Ervin Szilagyi

Posted on Aug 8, 2023

Disallow GPT Bot from Scraping our Blog Posts

#watercooler #openai #gpt3 #discuss

Lately, we can bloc GPT bots from scraping our pages for a site that we control, by setting the following lines in the robots.txt file:

User-agent: GPTBot
Disallow: /

I, myself, found out this from a tweet from Gergely Orosz:

My stance on this is similar to what Gergely is saying. GPT offers no citation to the information it provides. While I did update the robots.txt file on my personal website, I am also cross-posting to DEV. If we look at the robots.txt from DEV.to, we can notice that it does not have the same rule for GPTBot.

There are thousands of people posting to DEV, many of whom have different views about scraping information for LLM training. I'm in no position to request changes that will affect how the site works. I'm just curious of what is the opinion of other fellow authors about scraping your article for ML training.

Does updating your `robots.txt` actually solve something?

Obviously not. Adding this statement to your site is just a hint, a request for a bot to please not scrape your data.
This won't stop huge LLM bots (including GPT) to get the information it wants.

So, I'm curious about what do other people think about this topic?

Latest comments (4)

José Benavente • Aug 16 '23

This is good to know at least. Like Reme and Sijmen mention though, it won't do much realistically speaking.

Sijmen J. Mulder • Aug 13 '23

This won't stop huge LLM bots (including GPT) to get the information it wants.

It won't stop badly behaved actors but I feel OpenAI deserves the benefit of the doubt here, afaik there are no indications they are a bad actor in this regard.

Reme Le Hane • Aug 13 '23

Personally, don’t care, like you say this only stops GPT, it also does not expunge everything they’ve already scraped. Also as mentioned they not the only one. If you really want to not train them, stop posting online, that really is the only solution.

Wha about sites like web archive and all the cross posts, like if you going to put it online, you need to accept that fact that you’ve basically given it away for free to everyone, and what they do with it is entirely up to their own personal moral code.

Your licence in your code on GitHub is utterly meaningless without a lawyer and the finances to back it up.

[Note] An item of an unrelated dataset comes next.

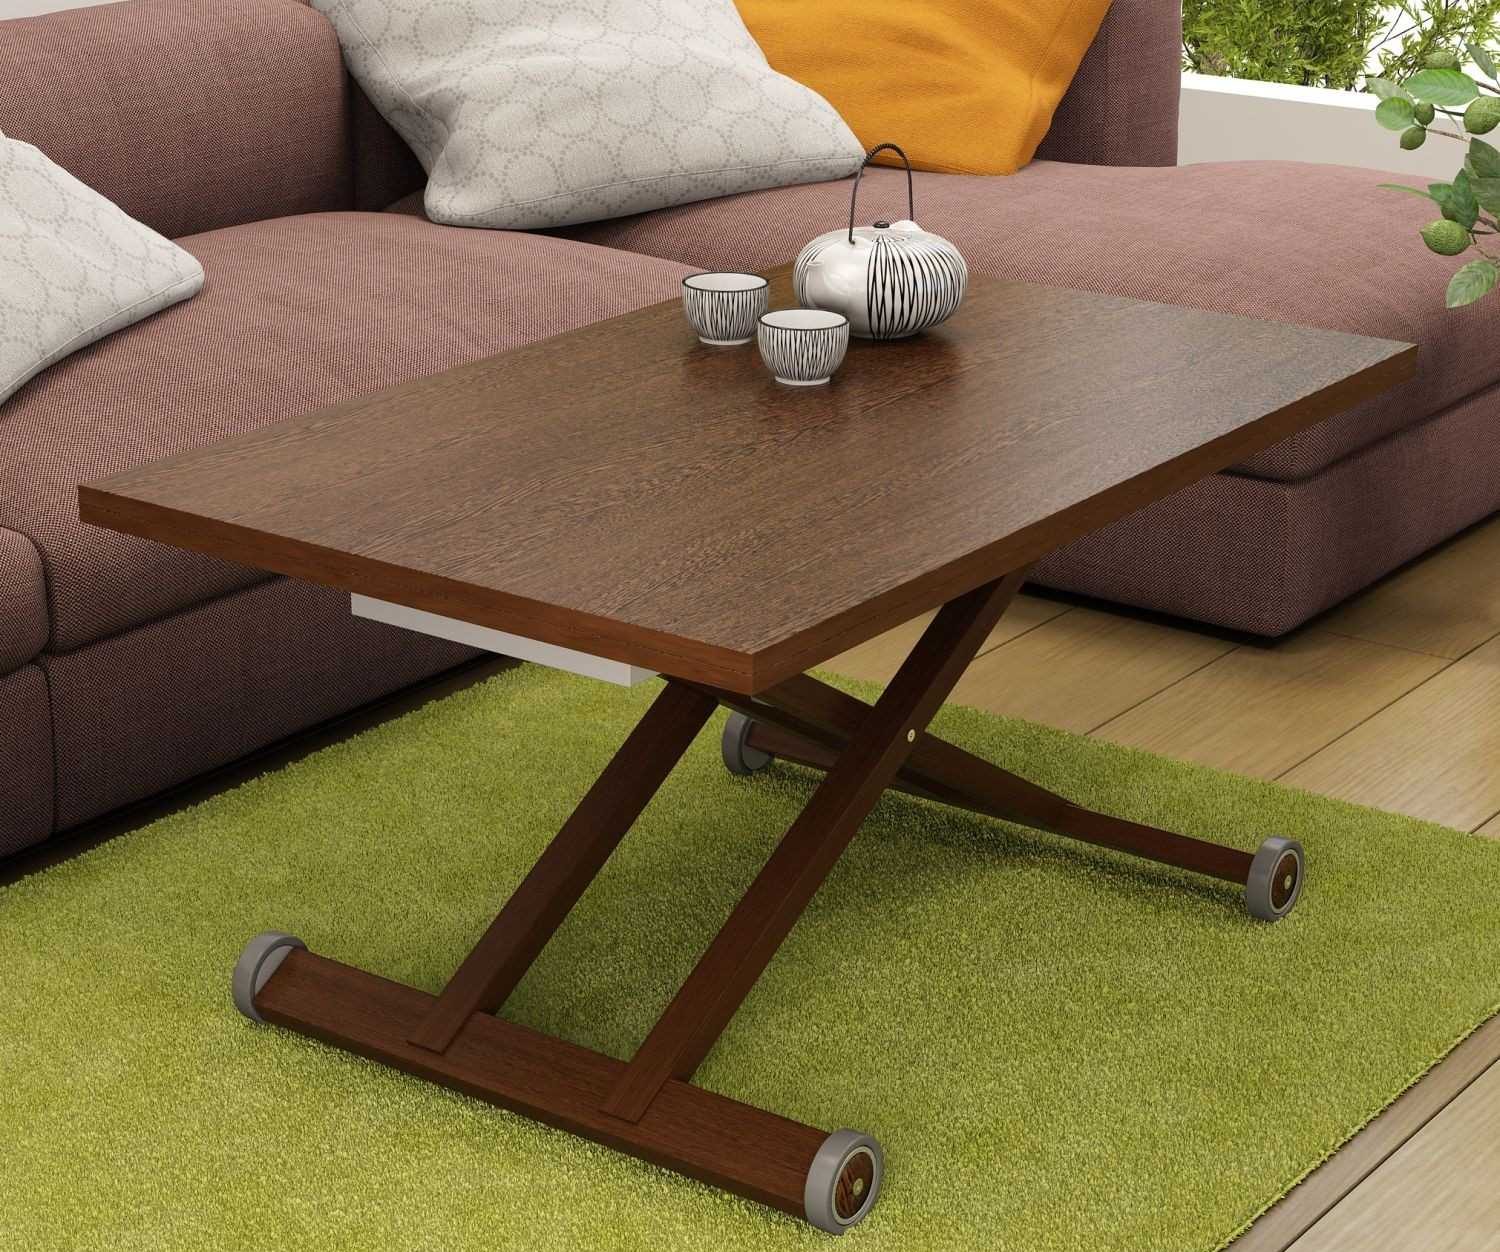 طاولة خشبية

GitHub won’t do squat if Joe Soap or Big Corpa uses your code without credit.

Have you ever read the licence on a package you installed into a side project or even a work project, I don’t, I am pretty sure that at some point professionally or personally I’ve used a package in a way that goes against one of its guidelines and that’s purely as a result of ignorance and the fact that the vast majority of people never read licences or have any clue what they mean.

You cannot license and apply restrictions and limitations on a blog post that you are putting online, and even if you do, it’s up to you to legally enforce it, someone can copy it word for word and unless you can afford a lawyer or for some reason a big news channel cares about it, you’re SOL.

Bit late to start kicking a fuss now, these LLMs have been training for 4+ years on 30+ years worth of information we all wiling and freely put online.

Ervin Szilagyi • Aug 13 '23 • Edited

Hi Reme,

Thank your for your comment, I really appreciate it.

You bring up some valid points. You are absolutely right with your statement that if you put content online, you are giving it away for free. You have not control who will use your information and for what purpose.

Regarding licensing, I don't really want to get deeper into this. The reason being that I don't have the necessary knowledge, I'm not a lawyer, and frankly I don't really mind.

What it bothers me is the lack of citation in case of LLM models. Putting the technicalities aside whether it is possible or not for an LLM model to give you its sources for a piece of information, the problem is that they simply don't do it regardless. You see, presenting your sources is not just benefic for the author of that information, it is also helpful the user of an LLM model for fact-checking.

You are right about the fact that if you don't want your information to be taken you just don't put it online. What I want to add here is that you can limit the reach of your content with a simple login, but this has many other downsides as well.

Does updating your robots.txt actually solve something?

Does updating your `robots.txt` actually solve something?